Renaud-Basso rejects the idea that the political dimension of the bank’s charter should be scrapped altogether. There is never any discussion among shareholders about changing it or removing it, she says. “It’s an important component of our mandate, and we take that seriously.” She adds that the “less for less” strategy “allows us to adjust in situations like Belarus, and to really reduce [our work to] the minimum” if need be.
Mirow, the former EBRD president, agrees that the bank’s focus on boosting free market economics and promoting green transitions “still makes a lot of sense and probably is better than many other things you could do”.

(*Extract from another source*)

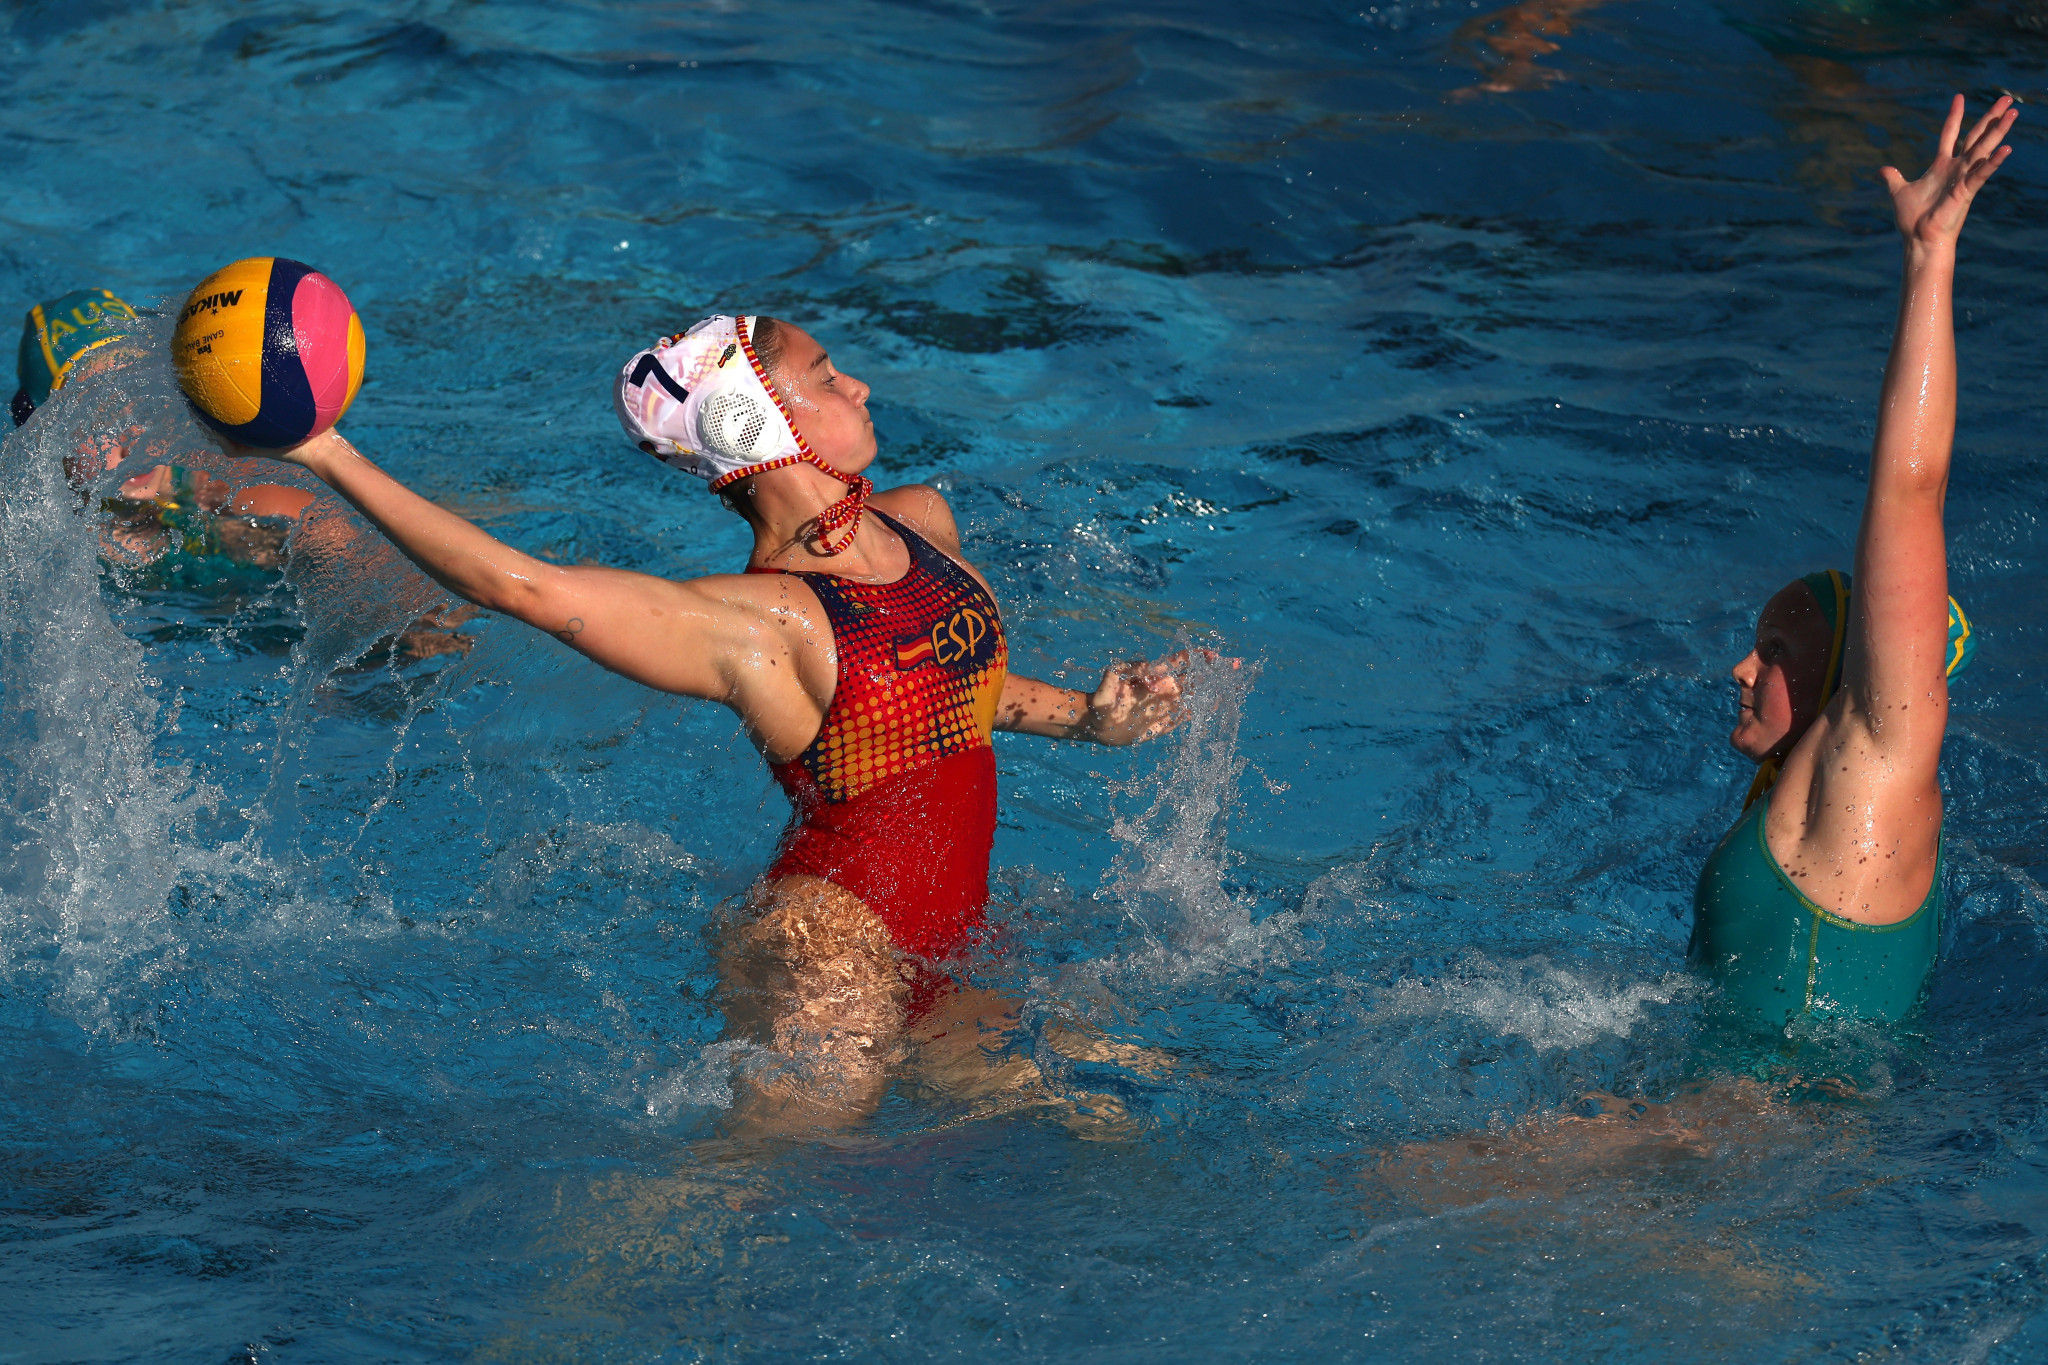 Spain edge Greece to retain Women’s European Water Polo Championship crown

It does mean that the EBRD is held to very different standards from many other development banks. The World Bank’s development banking wing, for example, is required in its governing statutes not to take a position on the internal political affairs of client countries. This, points out Scott Morris, a senior fellow at the Center for Global Development, leaves the institution, which has more than $300bn of assets under its management, free to lend to all manner of authoritarian regimes.
Some experts question whether development lenders should be focusing their support on democracies given the magnitude of global crises such as the pandemic and climate change. And lenders such as the World Bank still have the capacity to effect positive change to public sectors via granular standards applied at a project level — for example “safeguards” on the environment and the treatment of local communities, argues Morris.
This is “probably the best we can do”, given the wide array of objectives that these institutions need to pursue, he says. As for the EBRD, he argues it would be better off simply scrapping its Article 1 commitment. “It’s just a lie that sits there,” he adds.